Using the Latest Diffusers Monkey Patching function to load LoRA produces exactly the same result compare with A1111
Pull the latest code from Hugging Face’s Diffusers code repository, and found that the newest code updated related to LoRA loading is updated and can do Monkey-Patching LoRA loading now.
To install the latest Diffusers:
pip install -U git+https://github.com/huggingface/diffusers.git@main
The LoRA loading function was generating slightly faulty results yesterday, according to my test. This article discusses how to use the latest LoRA loader from the Diffusers package.

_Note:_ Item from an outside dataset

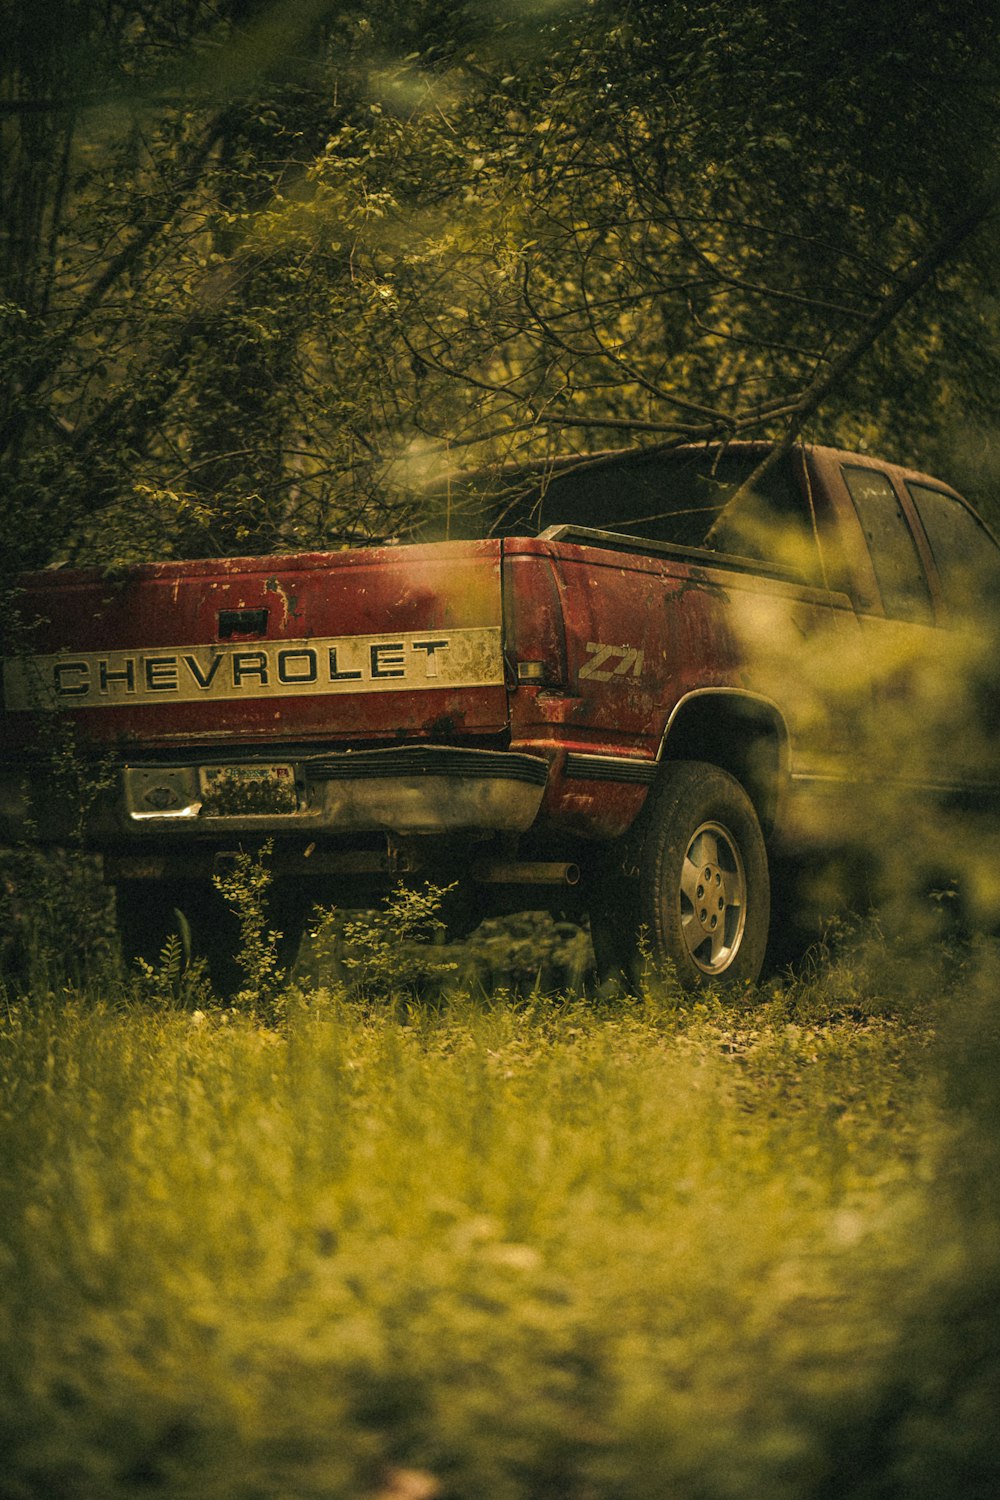 Una camioneta Chevrolet roja estacionada en el bosque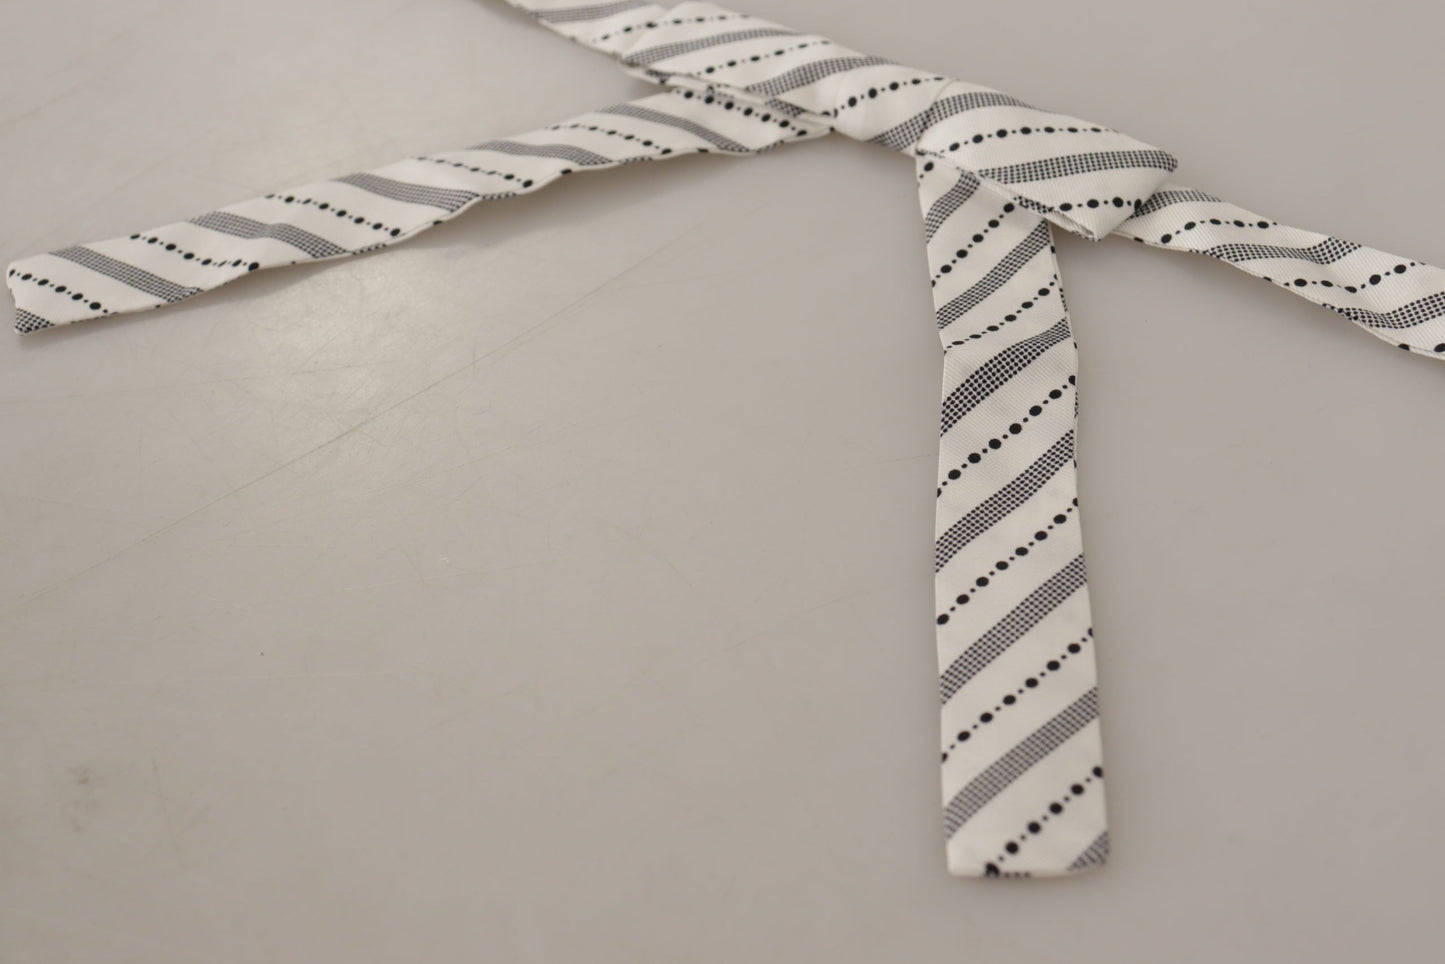 Dolce & Gabbana Weißer schwarzer Polka Punkt 100% Seidenhals Papillon Fliege Krawatte

Load LoRA and update the Stable Diffusion model weight
It has been a while since programmers using Diffusers can’t have the LoRA loaded in an easy way. To load LoRA to a checkpoint model and output the same result as A1111’s Stable Diffusion Webui did, we need to use additional custom code to load the weights as I provided in this article.
The solution provided in this article works well and fast, while it requires additional management on the LoRA alpha weight, we need to create a variable to remember the current LoRA weight α. Because the load LoRA code simply adds put the A and B matrix from LoRA together.
And then merge with the main checkpoint model weight W.
To remove the LoRA weights, we will need a negative -α to remove the LoRA weights, or recreate the pipeline.
The Monkey-Patching way to load LoRA
Another way to use LoRA is patching the code that executes the module forward process, and bringing the LoRA weights during the time of calculating text embedding and attention score.
And this is how Diffusers LoraLoaderMixin’s approach to LoRA loading. The good part of this approach is that no model weight is updated, we can easily reset the LoRA and provide a new α to define the LoRA weight.